Whitney R. Robinson

The female-male disparity in obesity prevalence among black American young adults: contributions of sociodemographic characteristics of the childhood family

BACKGROUND In the United States, black women are at much greater risk of obesity than are black men. Little is known about the factors underlying this disparity. OBJECTIVE We explored whether childhood sociodemographic factors (parental education, single-mother household, number of siblings, number of minors in household, birth order, and female caregivers age) were associated with the gender disparity in obesity prevalence in young black adults in the United States. DESIGN An analytic data set (n = 7747) was constructed from the nationally representative National Longitudinal Study of Adolescent Health. Childhood sociodemographic factors were assessed in 1994-1995 in nonimmigrant black and white youths aged 11-19 y. Obesity was assessed in 2001-2002. For each childhood sociodemographic factor, we evaluated whether the prevalence difference (female obesity minus male obesity) was modified by the factor. We described the contribution of each variable category to the overall prevalence difference. RESULTS In unadjusted and multivariable-adjusted models, parental education consistently modified gender disparity in blacks (P = 0.01).
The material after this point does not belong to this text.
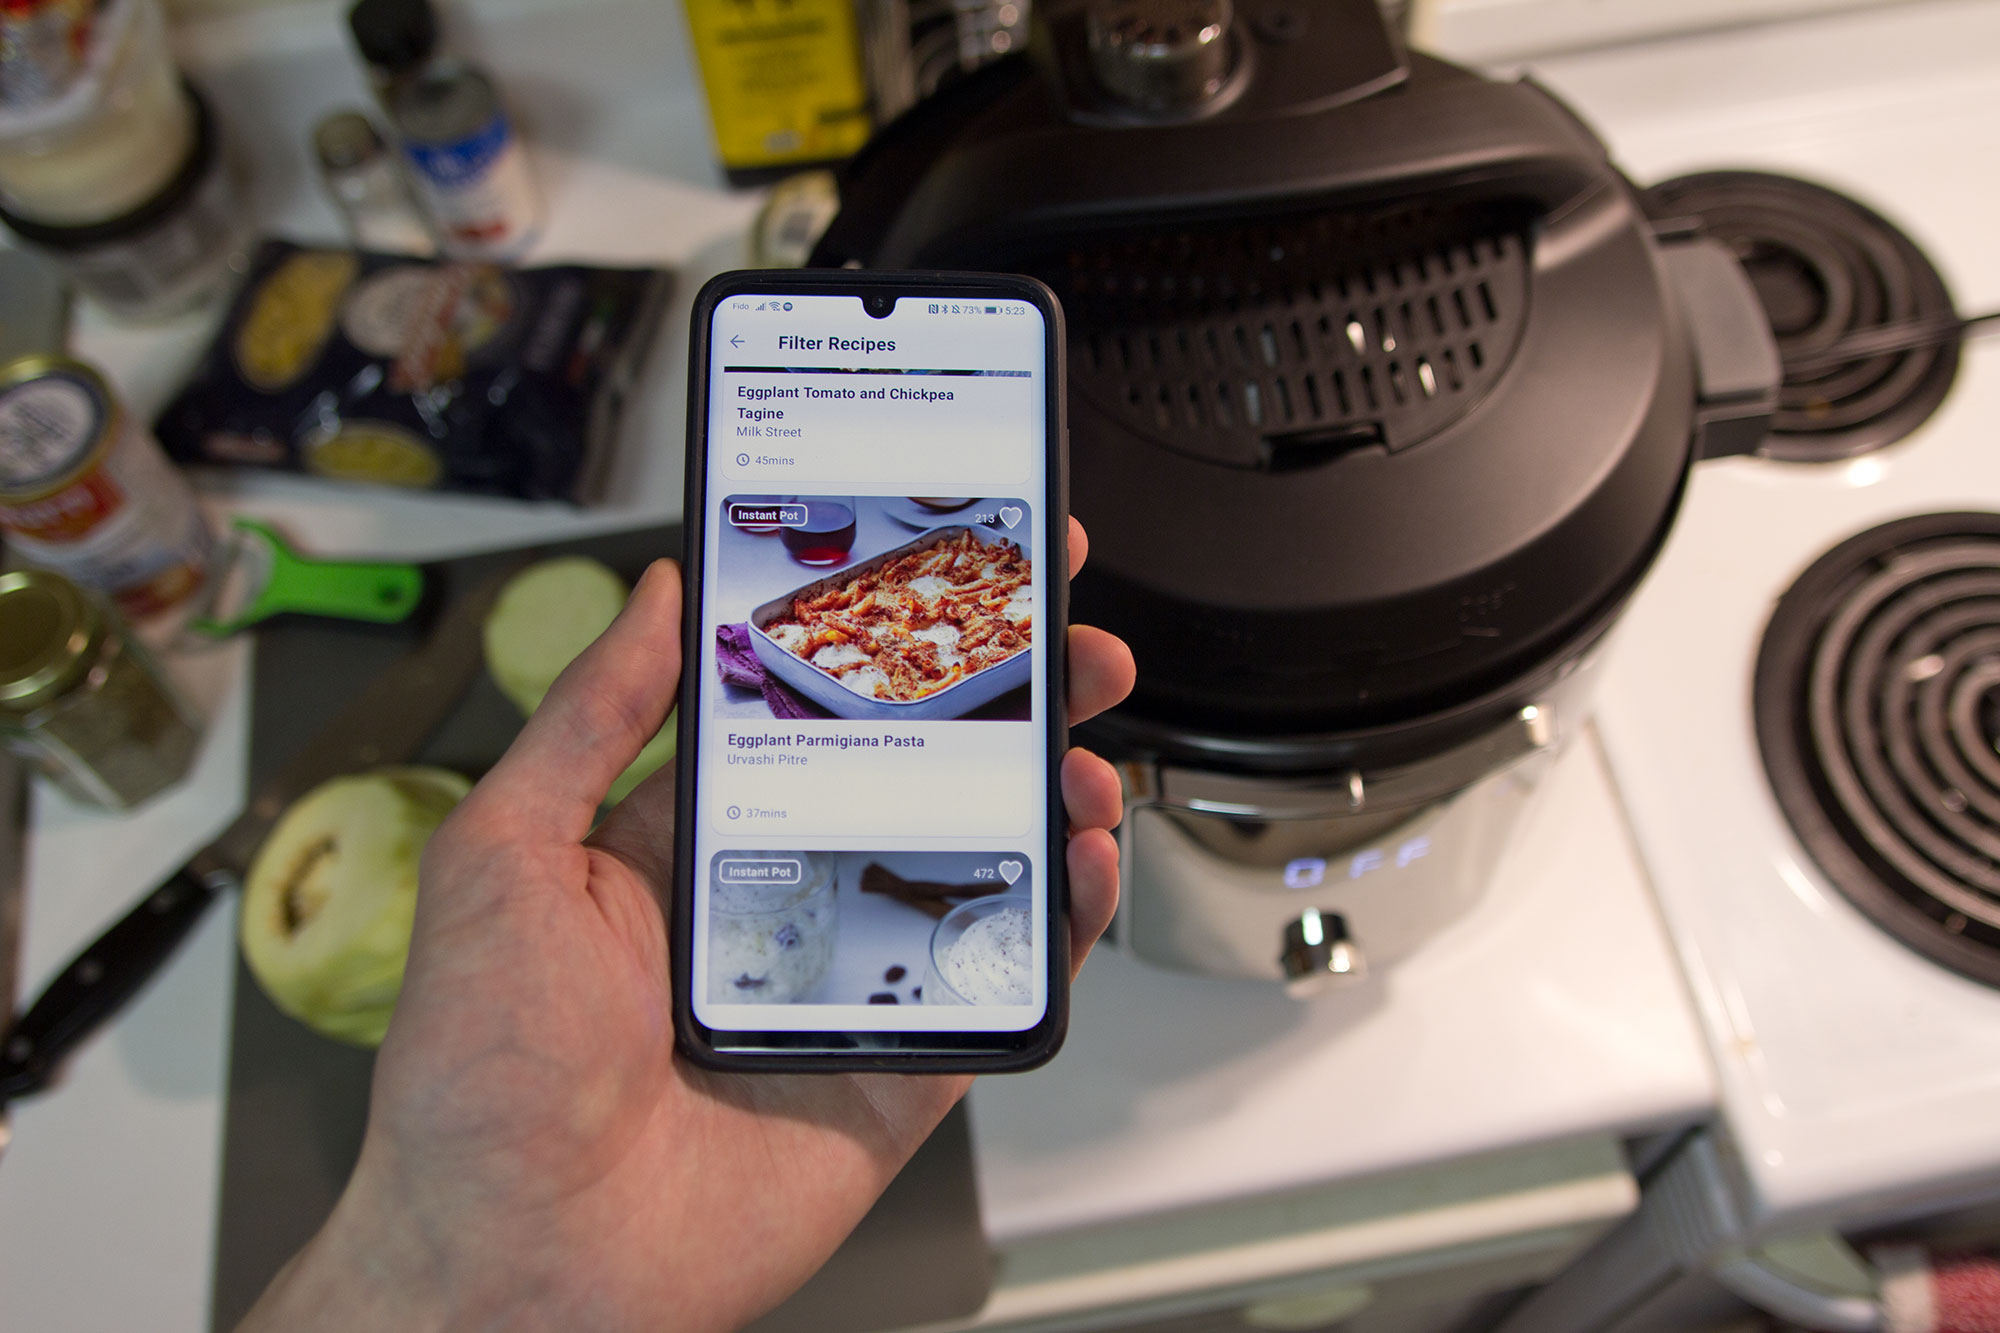 Instant Pot Pro Plus Smart Multi Cooker - Rave & Review

The gender gap was largest with low parental education (16.7% of men compared with 45.4% of women were obese) and smallest with high parental education (28.5% of men compared with 31.4% of women were obese). In whites, there was little overall gender difference in obesity prevalence. CONCLUSIONS To our knowledge, this was the first study to document that the gender disparity in obesity prevalence in young black adults is concentrated in families with low parental education. In these low-socioeconomic-status families, obesity development is either under the control of distinct mechanisms in each gender, or men and women from these households adopt different obesity-related behaviors.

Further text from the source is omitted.